Last updated: April 2026. Written by Nora Grace, social engineering consultant and cybersecurity writer with experience advising European SMEs on penetration testing and security awareness programs.

Quick Answer

The top bug bounty websites in 2026 are HackerOne, Bugcrowd, Intigriti, YesWeHack, Synack, Immunefi, HackenProof, and Open Bug Bounty. HackerOne leads in program volume and researcher community. Intigriti and Bugcrowd are the most beginner-friendly. Synack is invite-only with higher payouts. Immunefi specializes in Web3 and crypto. Payouts range from 100 dollars for low-severity findings to over 100,000 dollars for critical bugs at top-tier programs.

A client in Munich asked me last week what the fastest way was for her junior analyst to start building real offensive security experience without blowing the training budget. My answer surprised her. I said register on a bug bounty platform like HackerOne or Intigriti tonight, pick one program, and spend a weekend reading the scope document. That is not a replacement for structured training or certifications, but it is the closest thing the industry has to a working gym for hackers, and it is open to anyone with an internet connection and the patience to read the rules.

Bug bounty websites are the bridge between learning about vulnerabilities and actually finding them in production systems.

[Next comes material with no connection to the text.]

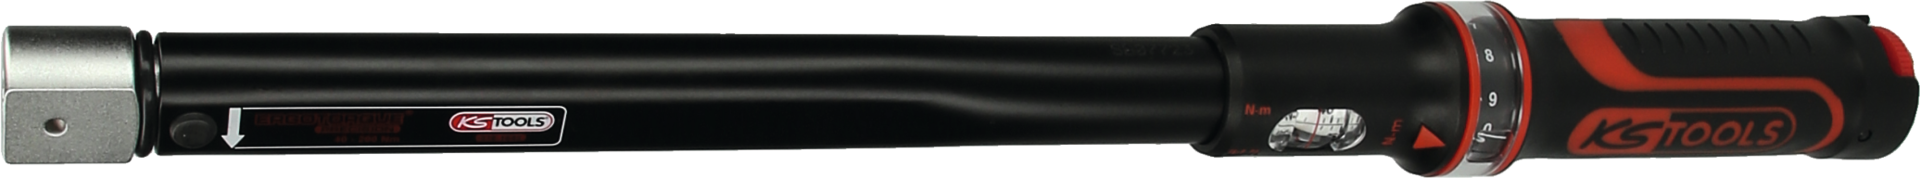 Drehmomentschlüssel Einsteckvierkant inkl. Werkszertifikat 14x18mm L470mm 40-200Nm

Platforms like HackerOne, Bugcrowd, Intigriti, and Synack let companies crowdsource security testing across thousands of researchers, and they let researchers legally probe real targets and get paid when they find something worth fixing. In the years I have spent running phishing simulations and advising European SMEs on their security posture, I have watched this market grow from a niche hobby to a legitimate career path. So let’s walk through the platforms that matter in 2026, who each one fits, and how to think about picking a starting point.

HackerOne currently holds roughly 38 percent of the bug bounty market by practitioner mind share, followed closely by Bugcrowd at around 32 percent. But market share is not the same as the right fit for you. A smaller, more focused platform often pays off better for a new researcher than the biggest name in the space.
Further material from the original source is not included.